King warned 80% of the cyber target surface is in the private sector. "It's not army versus army," he said. "How do we defend the electric system in the southwest or the water system in New York?"
Finding cyber incentives
There is a continued disconnect between the reality and perception of cyber resilience.
From CEOs to Secretaries of State, "everybody is overconfident" about their cyber resilience, according to King.
Industry has struggled with open lines of communication during a cyber crisis, and the federal government navigates a tenuous balance with information sharing.
The federal government, in turn, could help the private sector by boosting attribution capabilities, said Gallagher. It is "not the default mode" of the national security or intelligence community to assume risk and then share threats accordingly.

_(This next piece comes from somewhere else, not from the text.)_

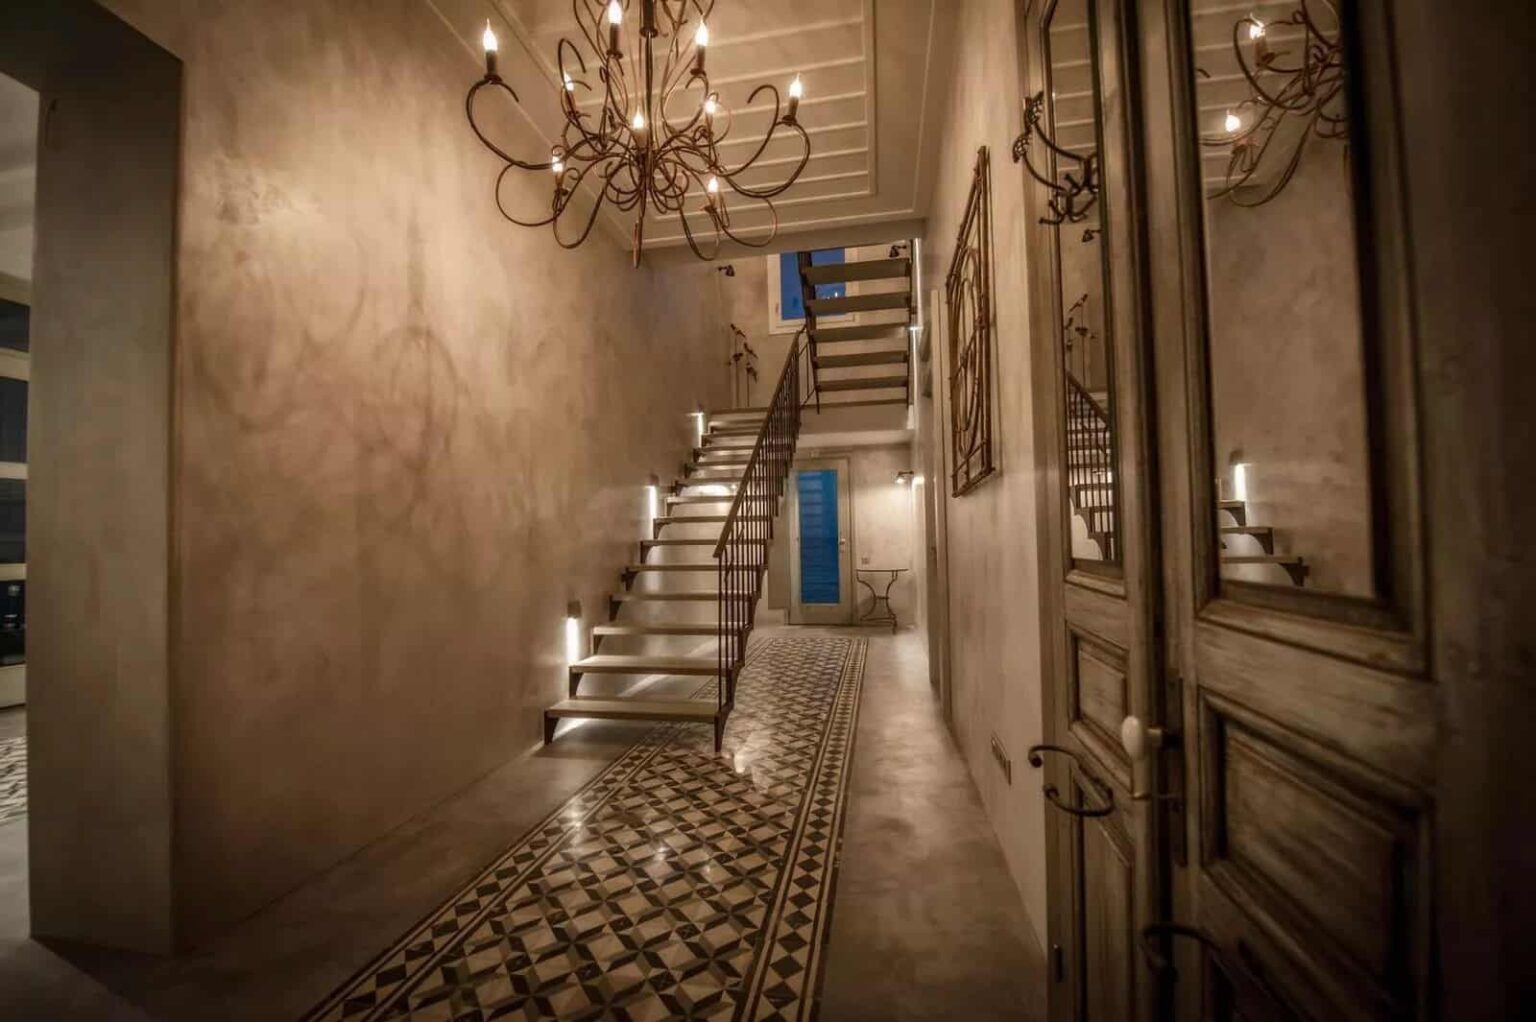 Dexamenes Beachfront Villa luxurious entry foyer with stairs to upper level.

Gallagher wants to see the federal government capitalize on private sector practices, such as the 1:10:60 rule; one minute for intrusion detection, 10 minutes for analysis, and 60 minutes for remediation.
"You can imagine a world where we require regulated companies or critical infrastructure to collect 1:10:60 data or something similar," he said. Organizations wouldn't necessarily have to publish their findings, in fear of "perverse market incentives." But if a major breach were to occur, data could be interrogated and negligence could be determined.
In turn, this creates a financial incentive for cybersecurity. Norm-setting standards or incentives are a consideration.
Insurance has the potential to influence organizations' security postures. If there were a "vigorous insurance market for destruction" for cyber-related damages, insurance providers have an indirect power in enforcing cyber hygiene, said King.
"We don't want to pass a law that says every American should have two-factor authentication, but every American should," said Gallagher.
In the meantime, the DHS' Cybersecurity and Infrastructure Security Agency is advising companies to increase defenses.
"I do think there's an anxiety in the private sector," said Gallagher. "How do you strike that right balance between encouraging the private sector to do more to invest in their own cybersecurity, but also not putting them in an untenable position or in a position that will result in destruction of their business?"